College van Beroep voor het bedrijfsleven

Datum uitspraak
26 augustus 2003
Publicatiedatum
4 april 2013
Zaaknummer
AWB 02/1637
Instantie
College van Beroep voor het bedrijfsleven
Type
Uitspraak
Rechtsgebied
Bestuursrecht
Procedures
  • Eerste en enige aanleg
Rechters
  • M.A. van der Ham
Vindplaatsen
  • Rechtspraak.nl
AI samenvatting door LexboostAutomatisch gegenereerd

Beroep tegen besluit inzake hardheidsgevallen herstructurering varkenshouderij

Op 9 september 2002 ontving het College van Beroep voor het bedrijfsleven een beroepschrift van appellante A, die in beroep ging tegen een besluit van verweerder, de Minister van Landbouw, Natuur en Voedselkwaliteit, dat op 30 juli 2002 was genomen.
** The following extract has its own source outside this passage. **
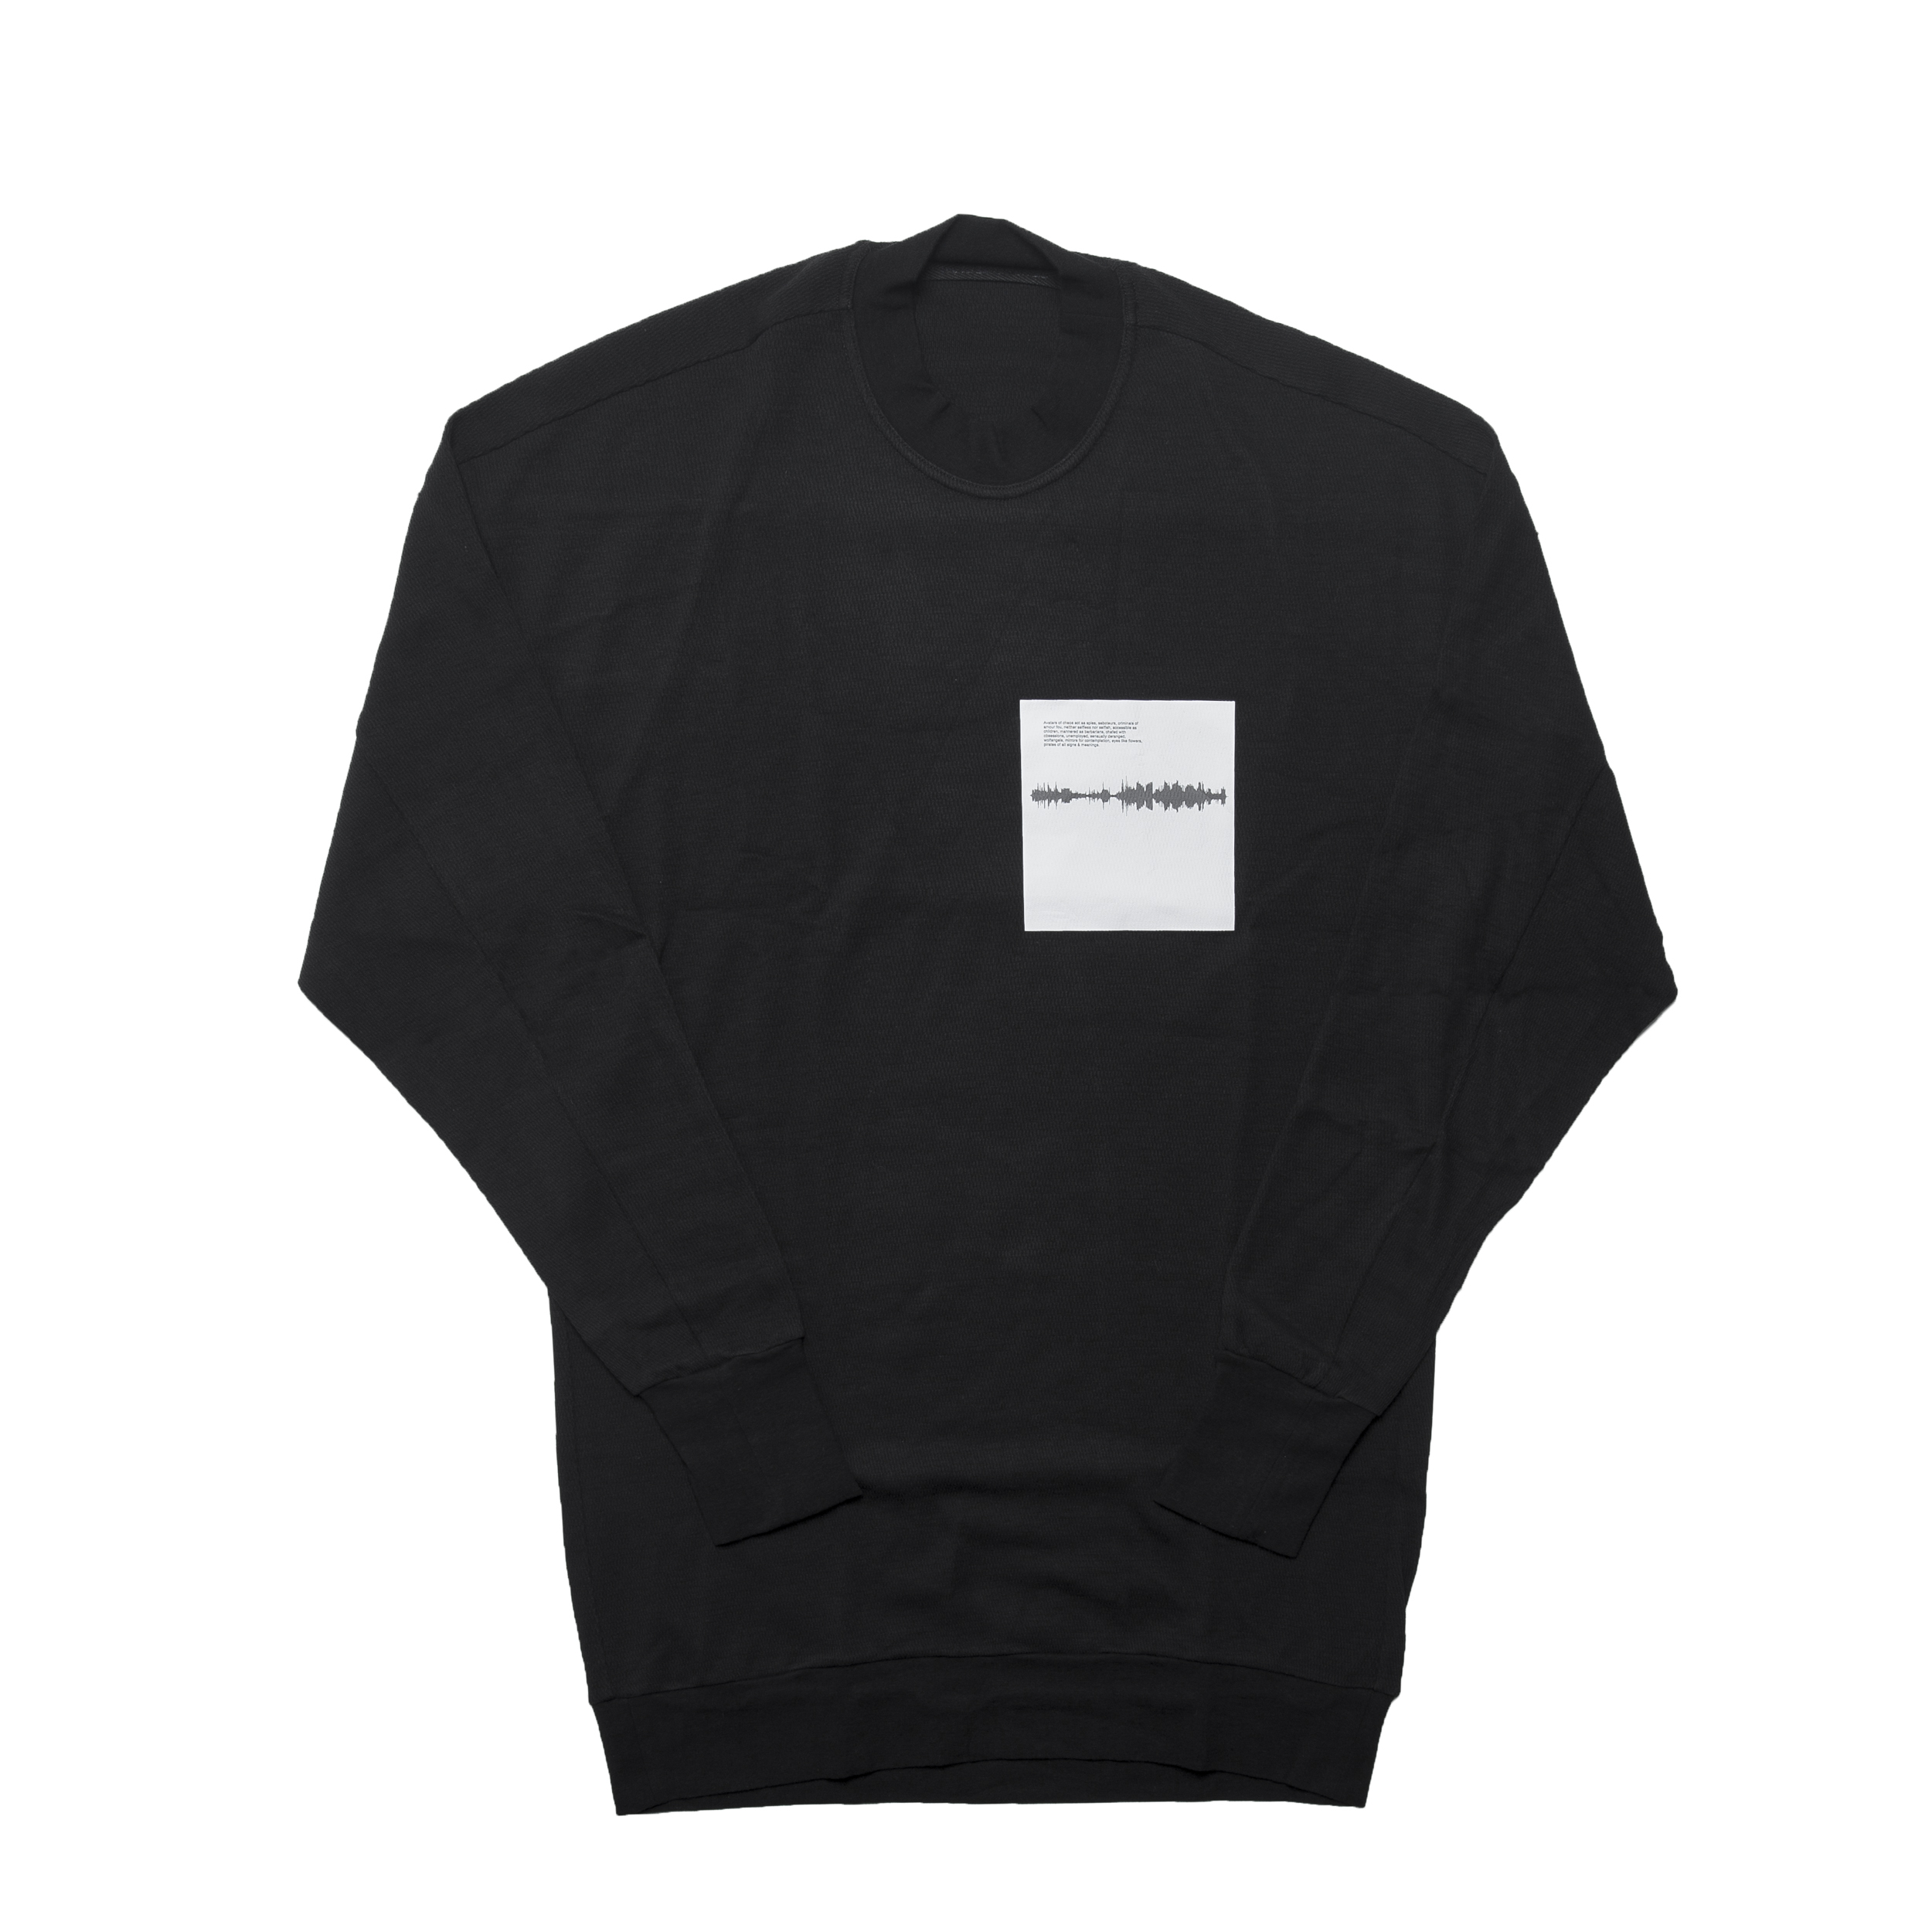 677CPM16-BLACK / Shaped Noise ロングスリーヴ Tシャツ
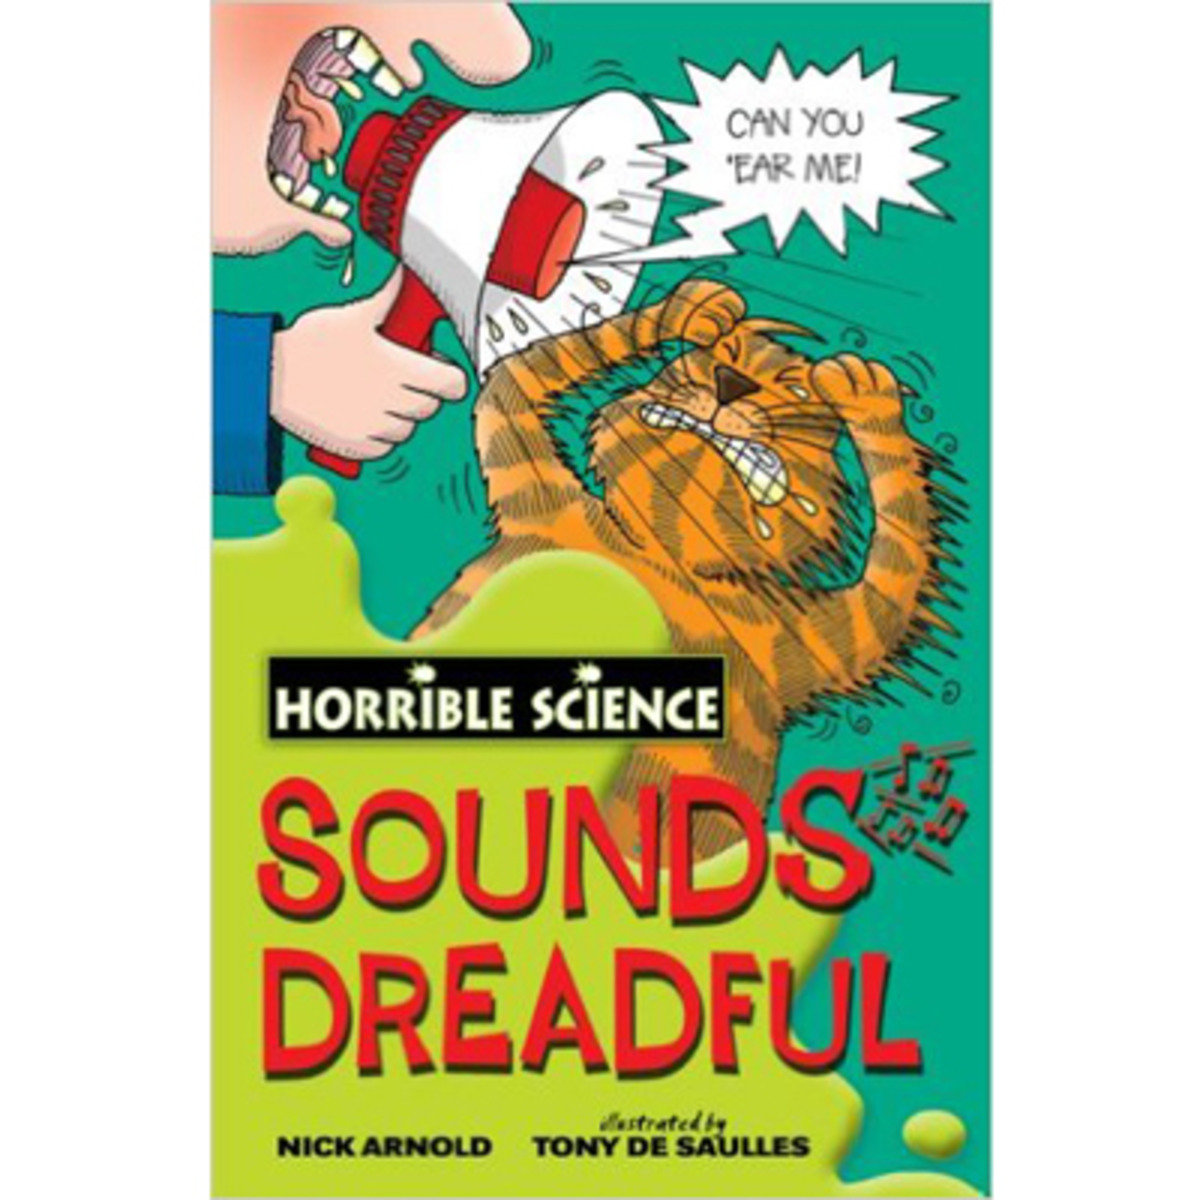 HORRIBLE SCIENCE: SOUNDS DREADFUL 9781407106106

Dit besluit verklaarde het bezwaar van appellante tegen een eerder besluit van 28 november 2000 ongegrond, dat was genomen op basis van de Wet herstructurering varkenshouderij (Whv). De procedure omvatte een zitting op 15 juli 2003, waar de directeur van appellante, C, en de gemachtigden van beide partijen aanwezig waren.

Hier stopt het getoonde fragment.